Forty-hertz light stimulation does not entrain native gamma oscillations in Alzheimer's disease model mice

Abstract

There is a demand for noninvasive methods to ameliorate disease. We investigated whether 40-Hz flickering light entrains gamma oscillations and suppresses amyloid-β in the brains of APP/PS1 and 5xFAD mouse models of Alzheimer's disease. We used multisite silicon probe recording in the visual cortex, entorhinal cortex or the hippocampus and found that 40-Hz flickering simulation did not engage native gamma oscillations in these regions. Additionally, spike responses in the hippocampus were weak, suggesting 40-Hz light does not effectively entrain deep structures. Mice avoided 40-Hz flickering light, associated with elevated cholinergic activity in the hippocampus. We found no reliable changes in plaque count or microglia morphology by either immunohistochemistry or in vivo two-photon imaging following 40-Hz stimulation, nor reduced levels of amyloid-β 40/42. Thus, visual flicker stimulation may not be a viable mechanism for modulating activity in deep structures.

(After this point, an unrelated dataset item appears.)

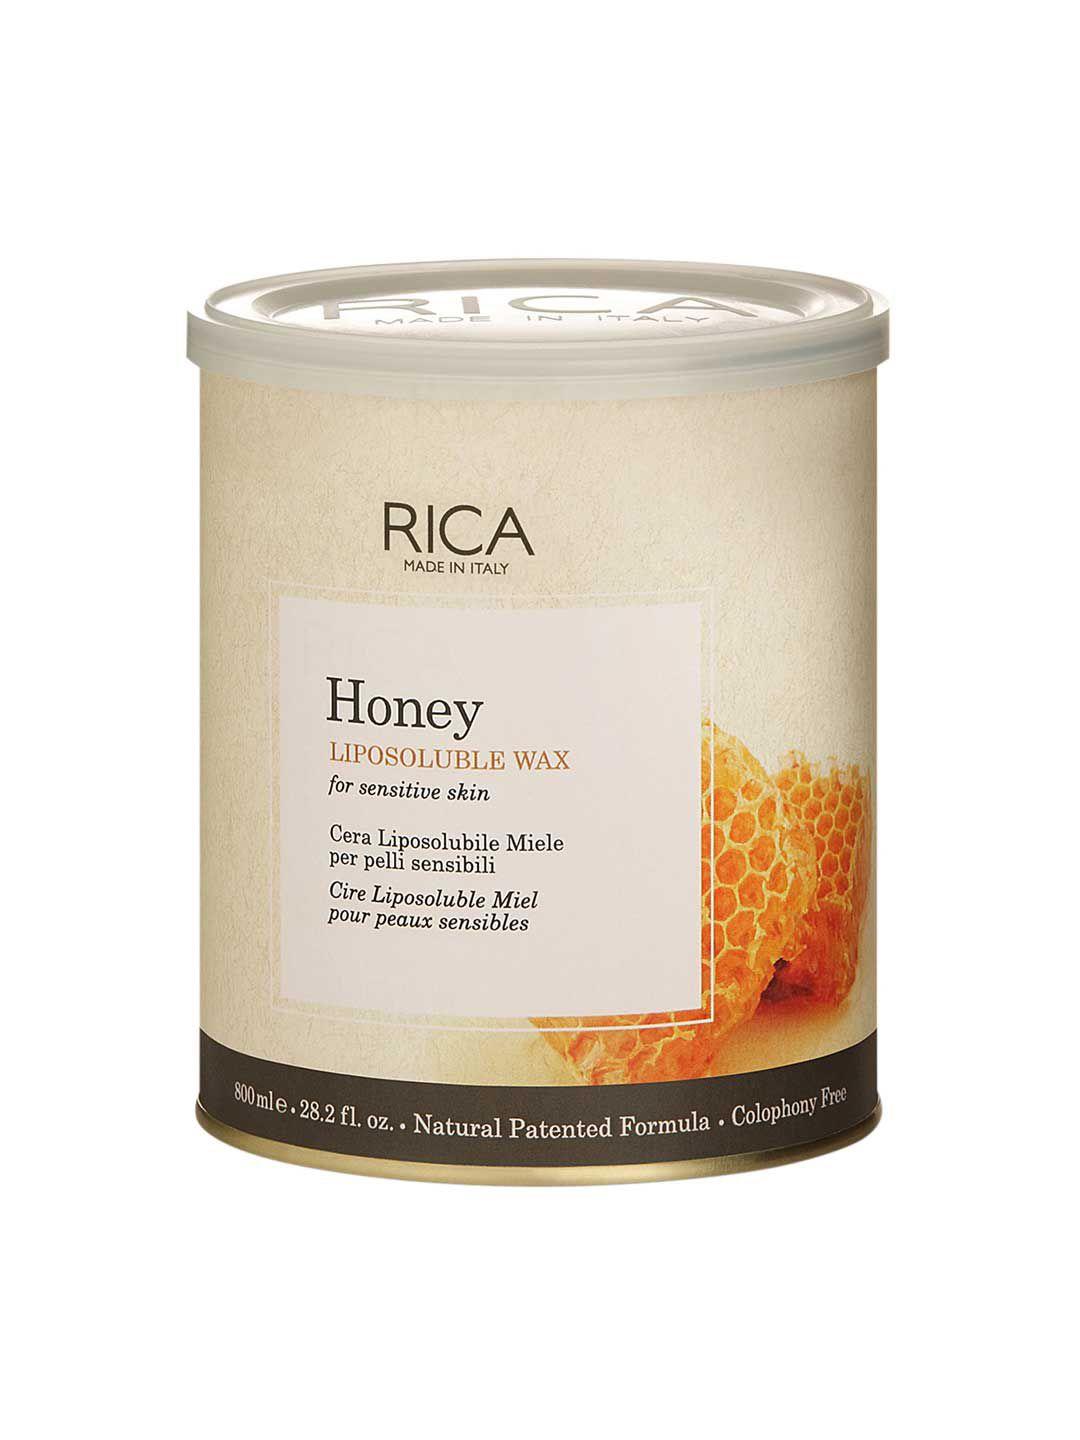 RICA Unisex Honey Liposoluble Wax

Extended Data Fig. 1 |. Histological analysis.

a, b) Heatmaps of Aβ plaque load in various coronal sections in 5xFAD mice after sham (a) and 40-Hz flicker (b) stimulation. c) Representative coronal sections of Aβ expression (LifeCanvas Technologies, Cambridge, MA 02141). Was replicated in n = 2 mice. d) Posterior visual cortex section (marked by red dash lines), used for quantification of V1. e) Group difference (medians, interquartile ranges, maxima and minima) of the percent area occupied by plaques after sham (n = 11 mice) and 40-Hz flicker (n = 13 mice) stimulation (ns, not significant by Wilcoxon test: p = 0.12). f) Cortex plaque load variability among six cohorts (mean + /− s.d; two-sided Wilcoxon test; p = 0.915, p = 0.0368, p = 0.879, p = 0.988, p = 0.0878, p = 0.379; ns, not significant).

Extended Data Fig. 2 |. ELISA analysis by groups.

a, b) Group difference (medians, interquartile ranges, maxima and minima) Aβ40 peptide levels in the (a) hippocampus and (b) V1 separated by sex (ns, not significant; two-sided Wilcoxon test). (n = 7 male and n = 5 female 40-Hz treated; n = 7 male and n = 4 female non-treated controls) c, d) Group difference (medians, interquartile ranges, maxima and minima) Aβ42 peptide levels in the (c) hippocampus (p = 0.38; p = 1;p = 0.19; p = 0.19 two-sided Wilcoxon Test) and (d) V1 (p = 0.02; p = 0.46;p = 0.68; p = 0.73; two-sided Wilcoxon Test) separated by sex and ELISA test. To test the reliability and consistency of the ELISA method, we performed two separated analyses for Aβ42 from the same aliquot samples on different days separated by one week (sample 1, sample2). The corresponding aliquots in the two tests are connected by lines. (n = 7 male and n = 5 female 40-Hz treated; n = 7 male and n = 4 female non-treated controls) e) The correlation between the two ELISA tests in c and d. Two conclusions may be drawn from this repeated analysis. First, the two tests were correlated strongly and significantly (R = 0.78). Second, the values of the second ELISA test were, on average, lower. This latter observation suggests that some epitope degradation of the sample may take place with time. These findings points to further potential sources of variability across studies, which may have different delays between tissue processing and ELISA Analysis.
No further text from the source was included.